= Your instructions =
Exclude the pictures and set down, unaltered, the lines from the one that holds "Al-Qaidah An-Noraniah Interactive" through the end of the data.

= Data below =
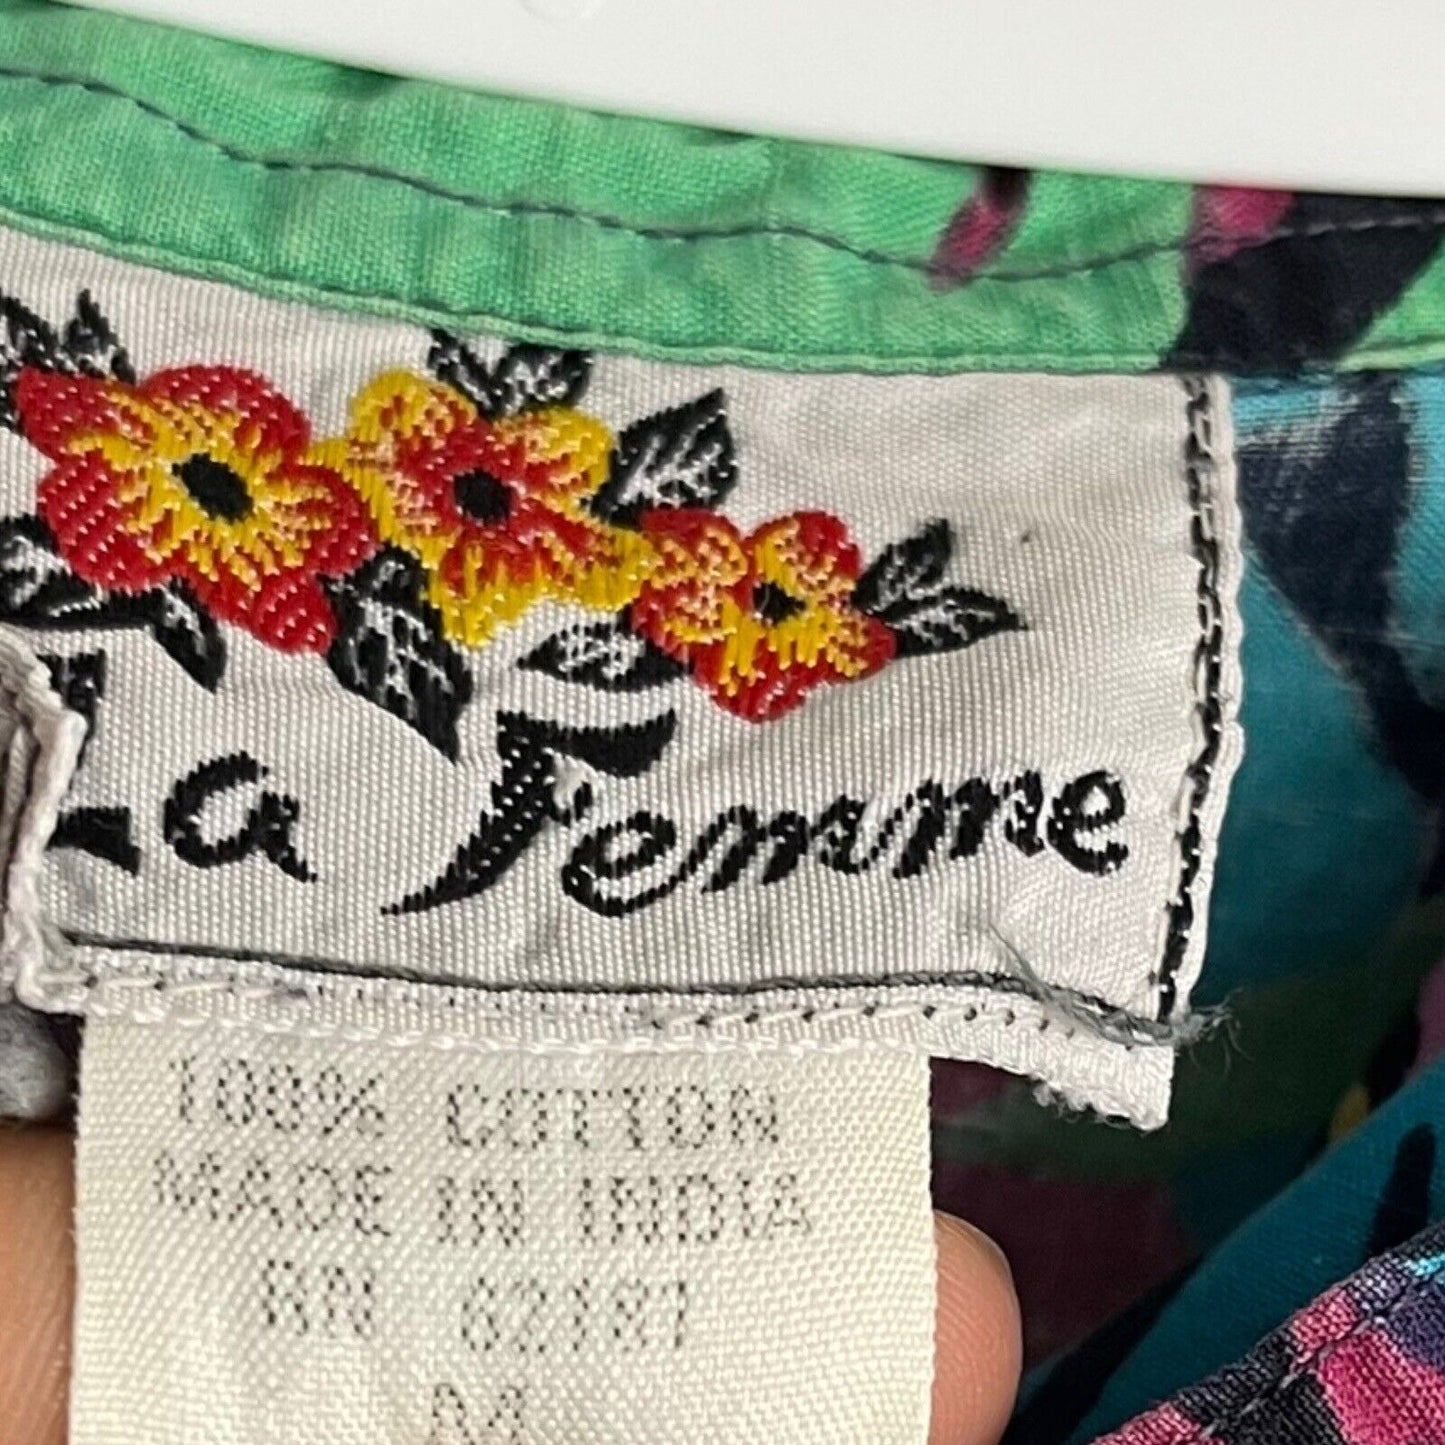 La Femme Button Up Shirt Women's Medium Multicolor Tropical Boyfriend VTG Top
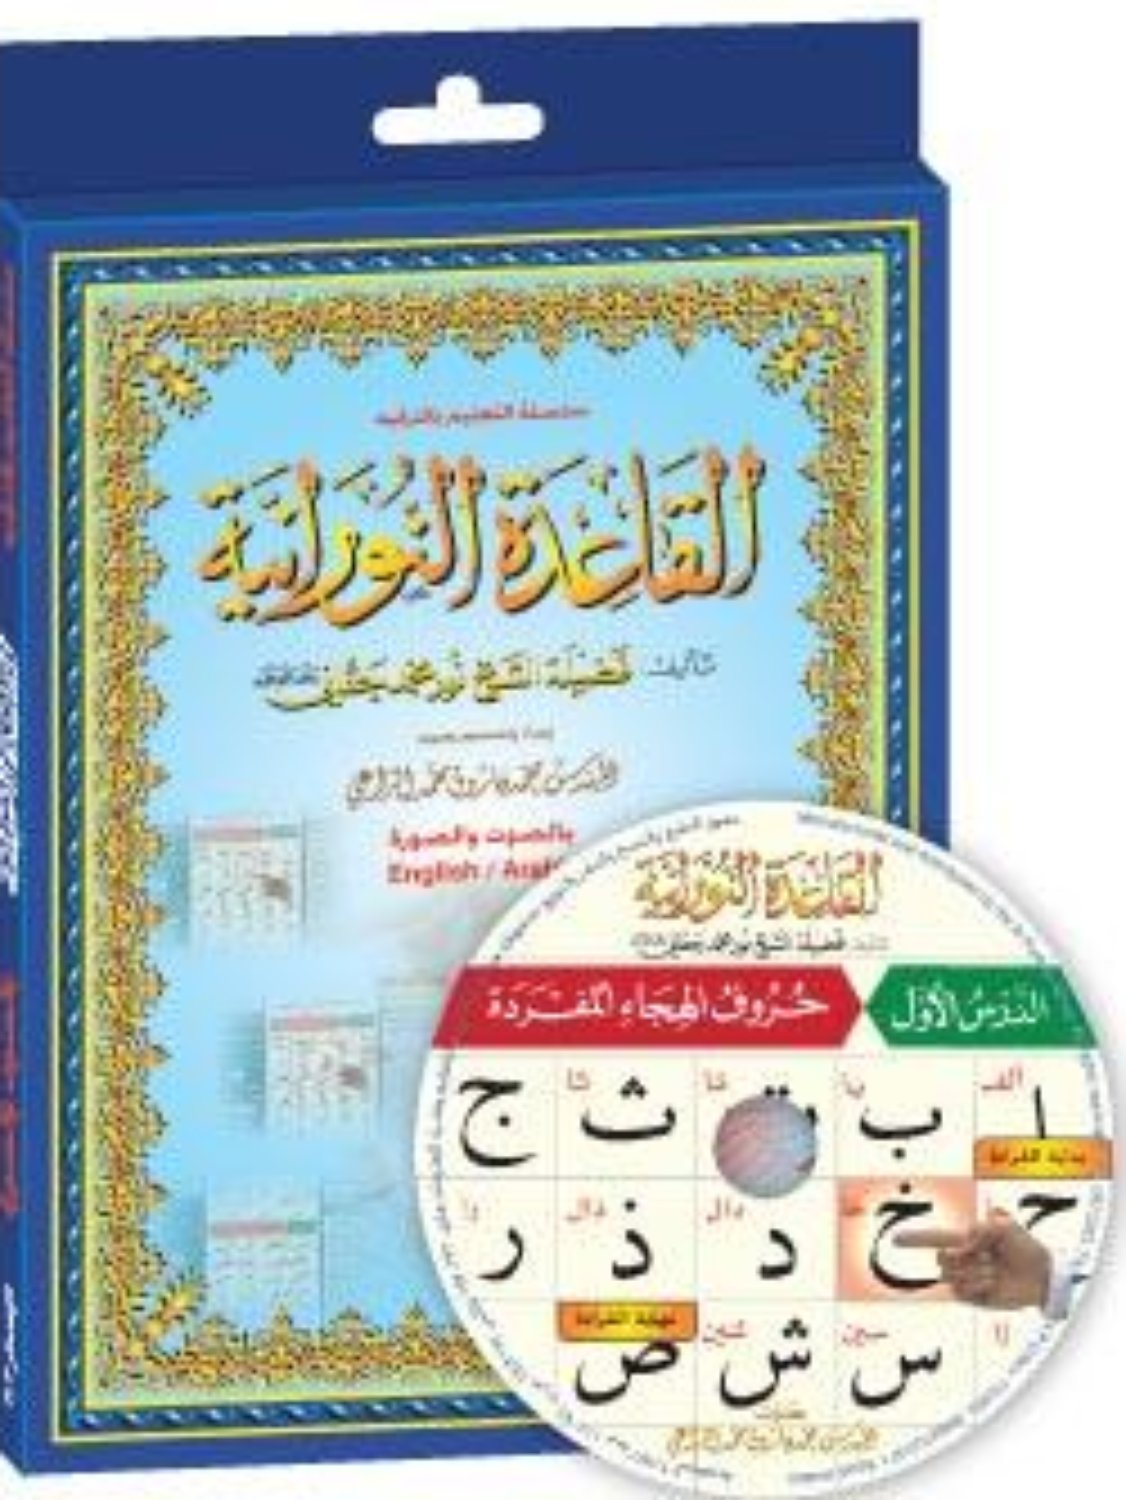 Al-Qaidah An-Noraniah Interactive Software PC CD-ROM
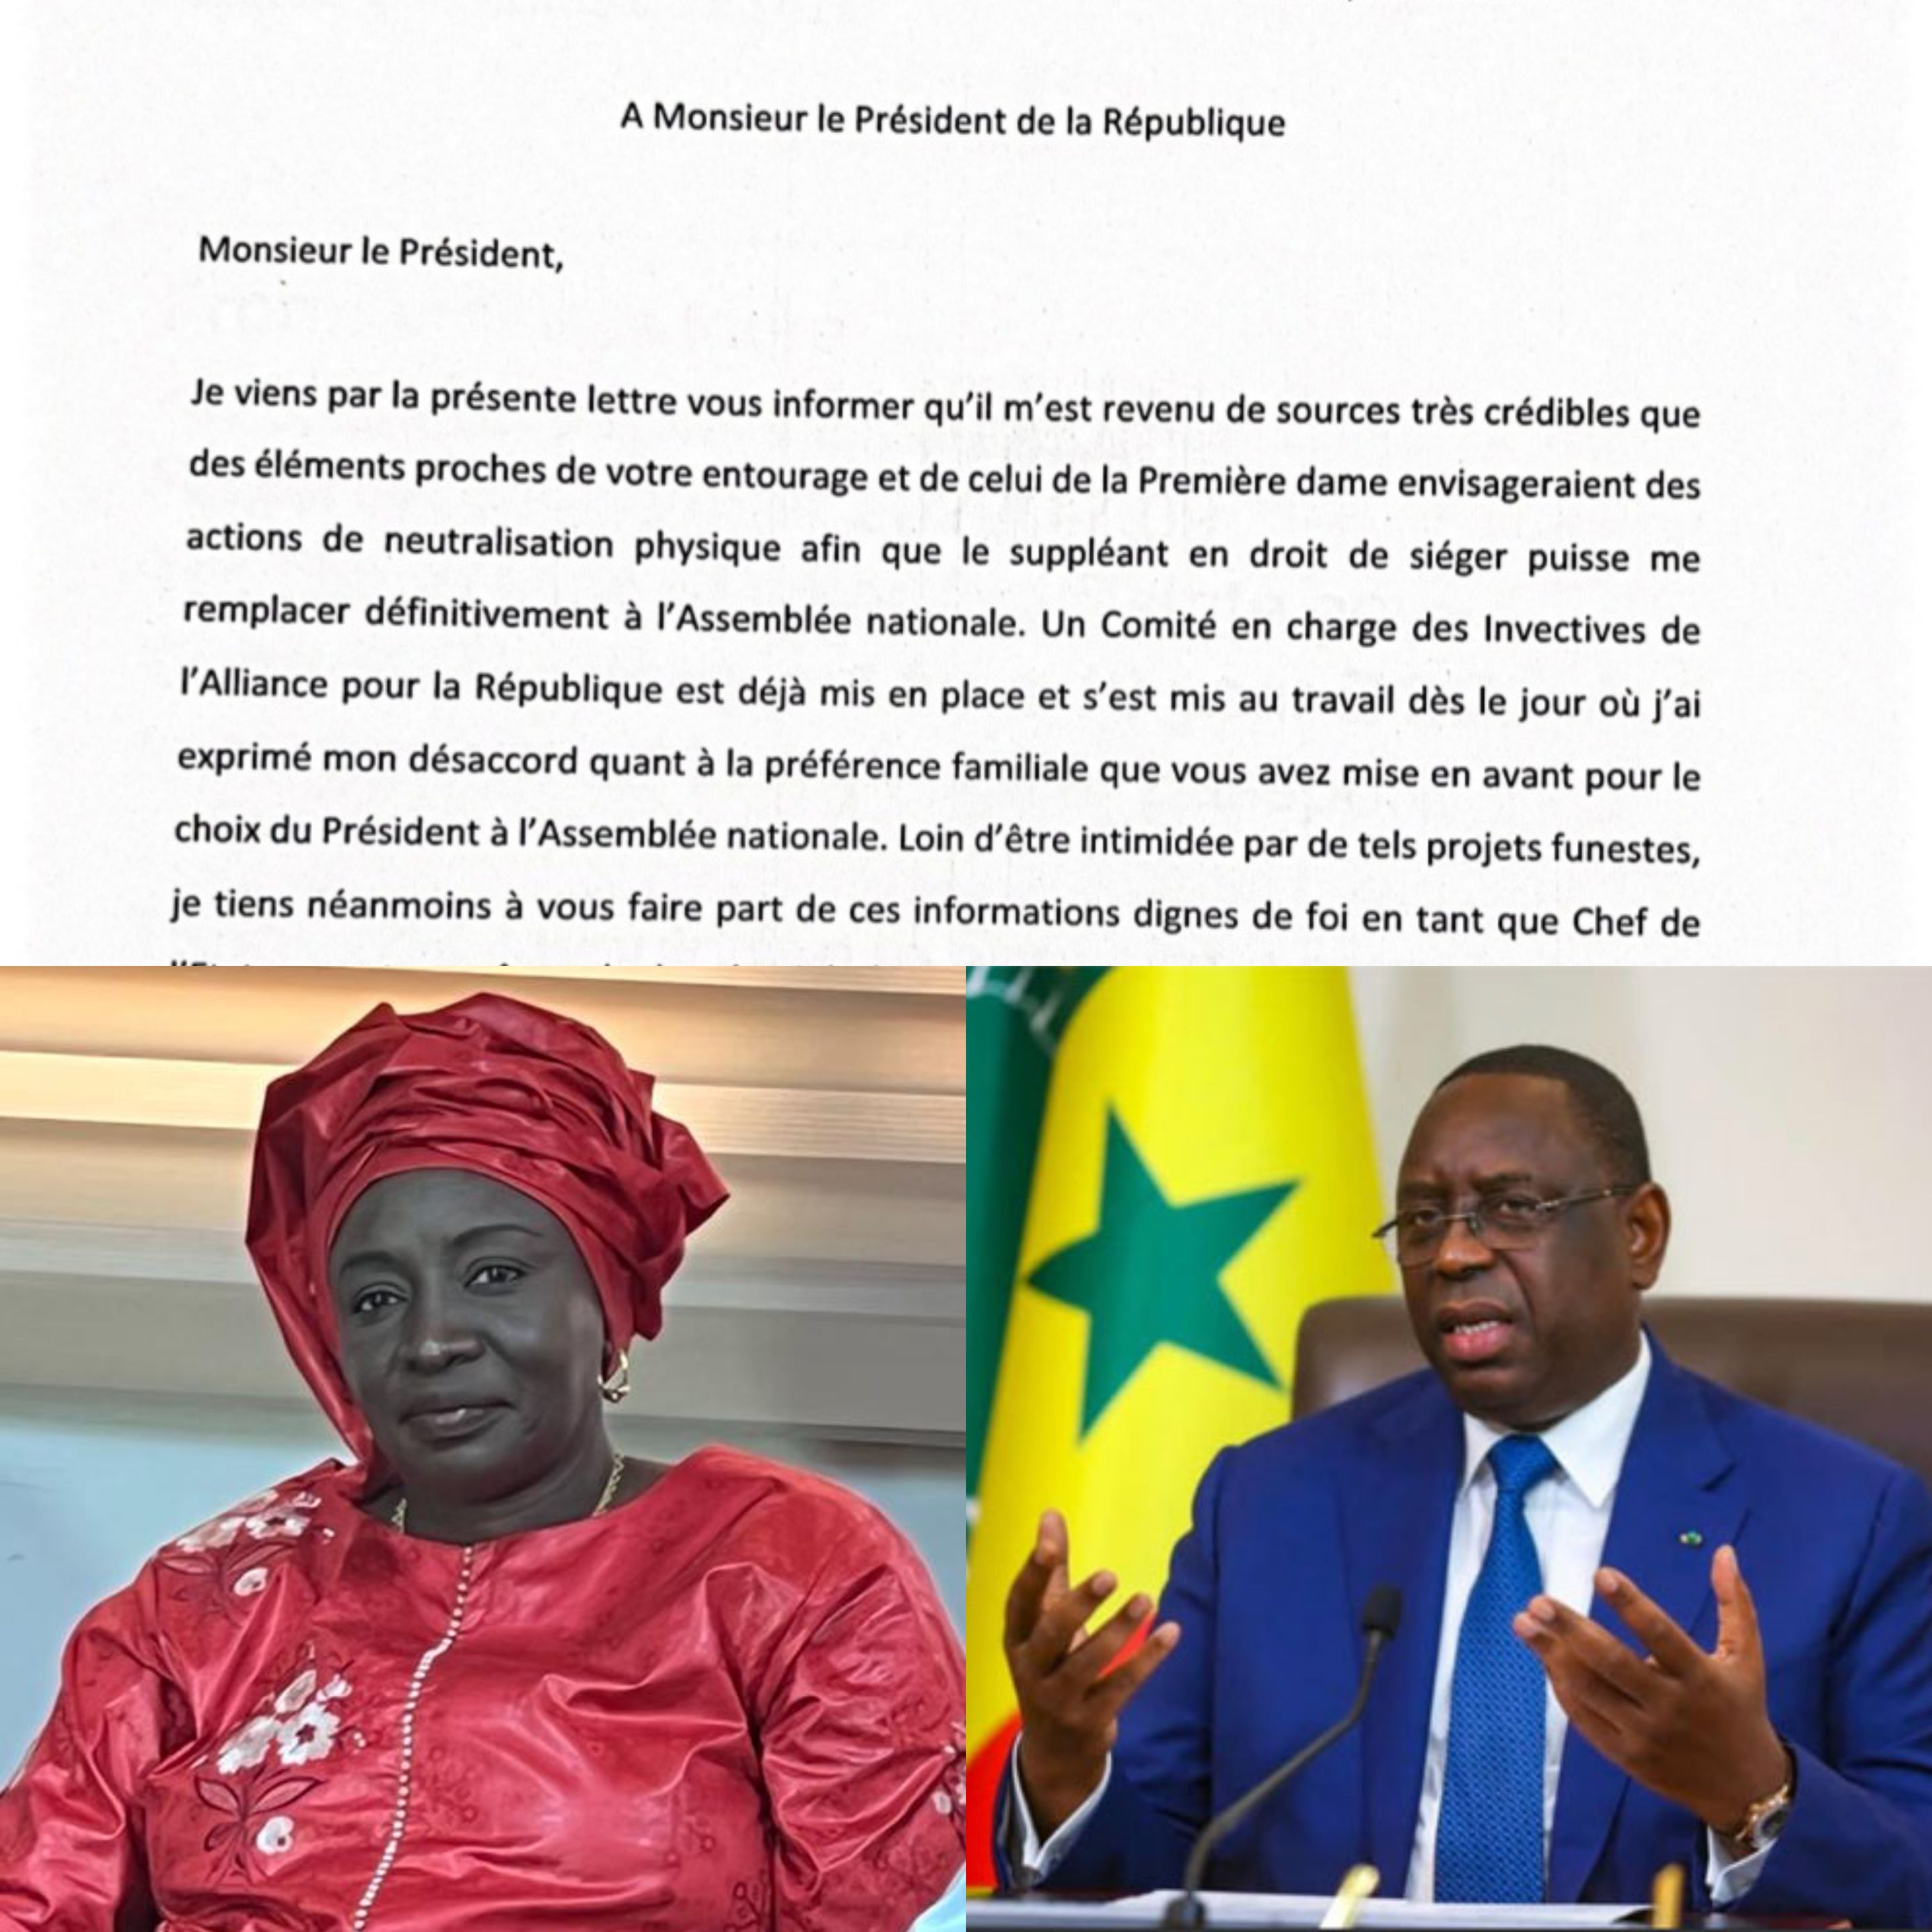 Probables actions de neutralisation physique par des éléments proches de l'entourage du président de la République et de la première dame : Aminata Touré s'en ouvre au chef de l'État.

= Solution for this task =
 Al-Qaidah An-Noraniah Interactive Software PC CD-ROM
 Probables actions de neutralisation physique par des éléments proches de l'entourage du président de la République et de la première dame : Aminata Touré s'en ouvre au chef de l'État.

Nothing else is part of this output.